James Pittman: So suppose under the current circumstances with military conflict actively going on, if you had a client from Gaza who was in removal, what would be your go to claims that you'd be making right now?

Marty Rosenbluth: Well, and the thing is that they don't really care what's going on now. I mean, they would just basically hold them until the situation stabilized. I mean, I've tried not just in Palestine, but in a few other countries to argue that the situation at the moment that there was a flare up and they're, you know, that might change. So I don't really think that would help. Of course, I would make the argument, don't get me wrong, I mean, I would oh, look at the situation there now is very unstable. He can't be set back, and most judges won't necessarily take that into account.

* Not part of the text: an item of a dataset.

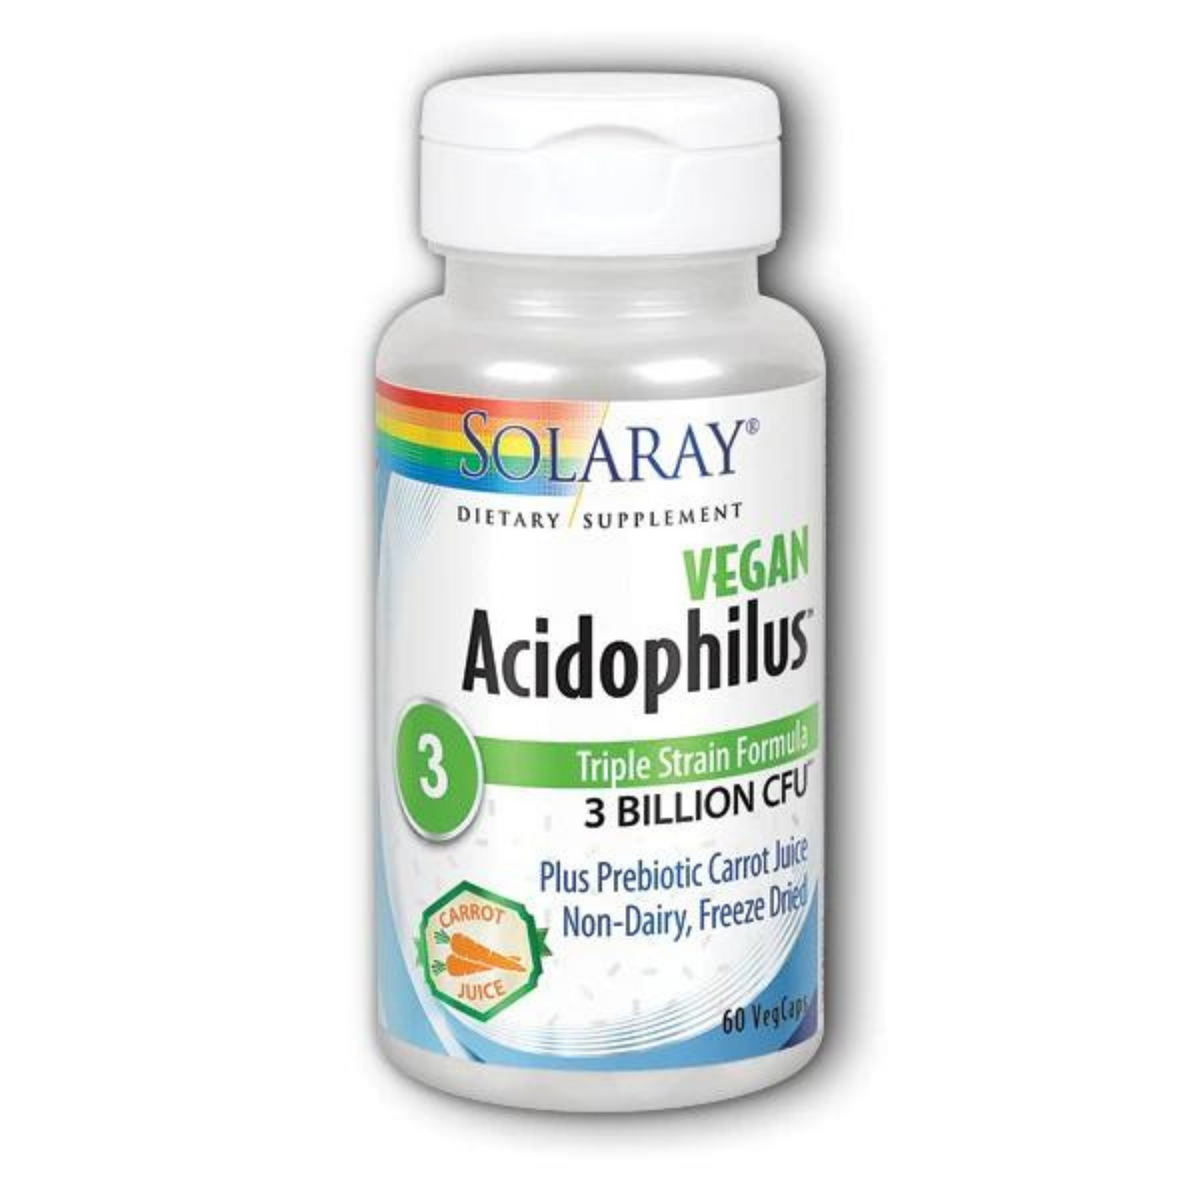 Primary Image of Solaray Acidophilus plus carrot juice (60 count)

James Pittman: Let me ask a question either for Marty or for Haya. Have you heard of any effort to have DHS designate Palestinians for TPS? I mean, there have been a lot of designations and REIT designations coming out recently with Venezuela and other countries. And I'm just wondering I cannot recall, I personally don't recall maybe you do, whether Palestinians have ever been covered under TPS. Any thoughts on that topic?

Haia Abdel: TPS is not available to Palestinians because then the United States government would basically be saying that Palestinians cannot live under IDF control or this is an occupation, which they have not said those words. They don't want to say those words. They keep calling this war when it's not a war. It's basically just one side bombing. Civilian as a Palestinian, I cannot carry a weapon. Even in my home, I cannot own a weapon. But the illegal settlers can. They can all the time. So designating it as TPS would actually mean that those settlers in shiloh are coming down to our town know, murdering and bombing homes and burning down our crops and giving them that kind of designation that they are not. A suitable place to live is not what the United States wants to do. Because that's against the Israeli government and it's against what is going to get them funding from IPAC and get them reelected next year.

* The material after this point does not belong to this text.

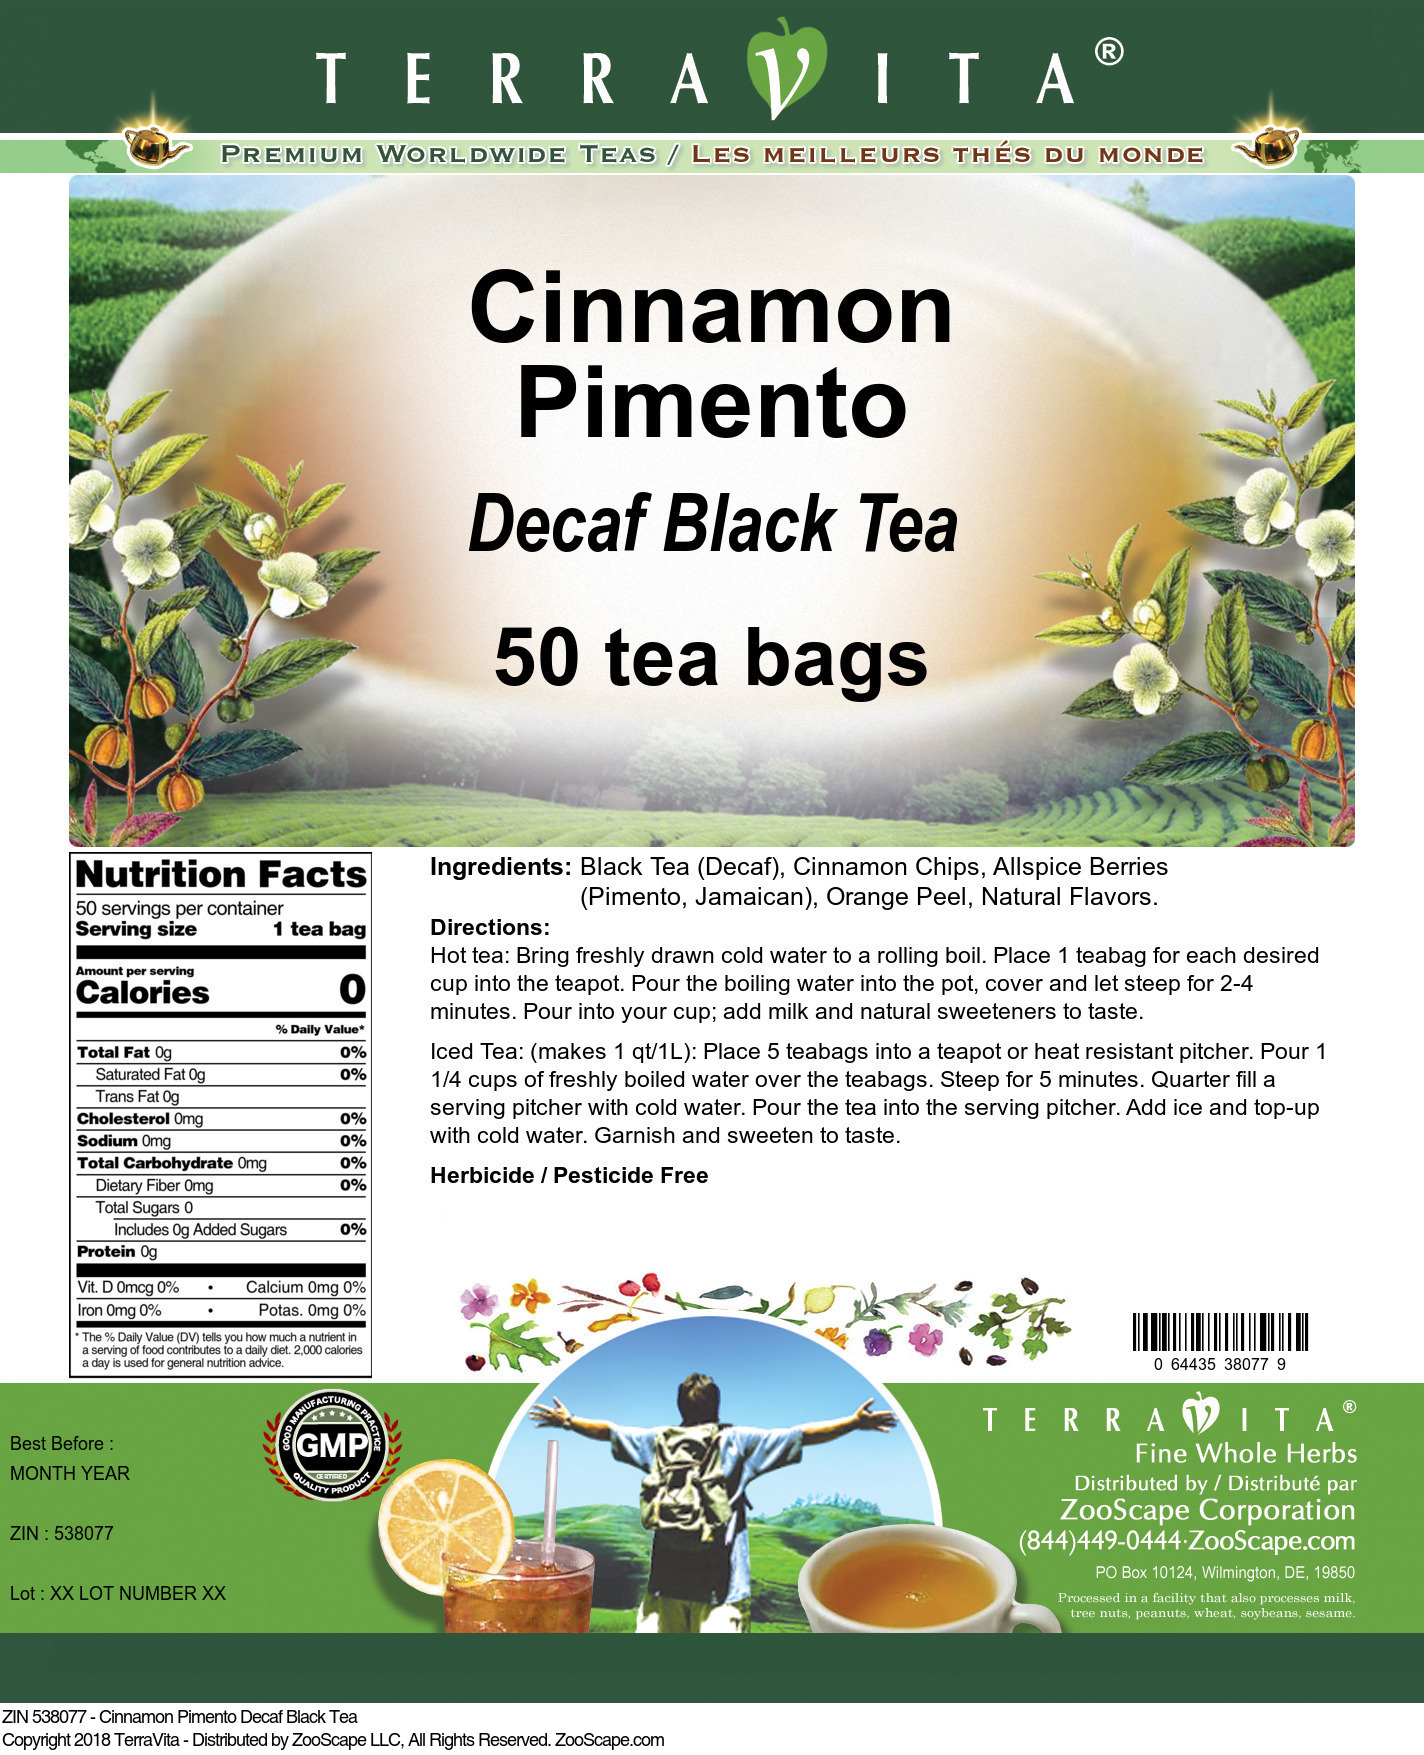 Cinnamon Pimento Decaf Black Tea - Label

James Pittman: Yeah, I mean, no doubt the designations for TPS are just by virtue of the fact they're discretionary by designating. They are making, in a sense, a policy declaration by issuing that. Marty, do you have any thoughts on the TPS?

Marty Rosenbluth: There's an Arabic expression which is Bokra filmishmish, which means tomorrow during the apricot seasons, which means it'll never happen. Gotcha no American politician is going to speak in favor of TPS for Palestinians. And I think if anyone ever did endorse that, I don't even want to think of the political consequences. So, no, that's never going to happen. And this is also true in the asylum process. I mean, the asylum process not just in Palestine, okay, but everywhere else, it's incredibly politicized. So most asylum claims the go to resource for the judge is the US state department report. So if you try to present information that contradicts the US state department report, you have a tough want to I'm trying to think of a proper term, but the US state department report on human rights in the occupied territories for Palestinians and Israel is just grossly, grossly, grossly inadequate and inaccurate.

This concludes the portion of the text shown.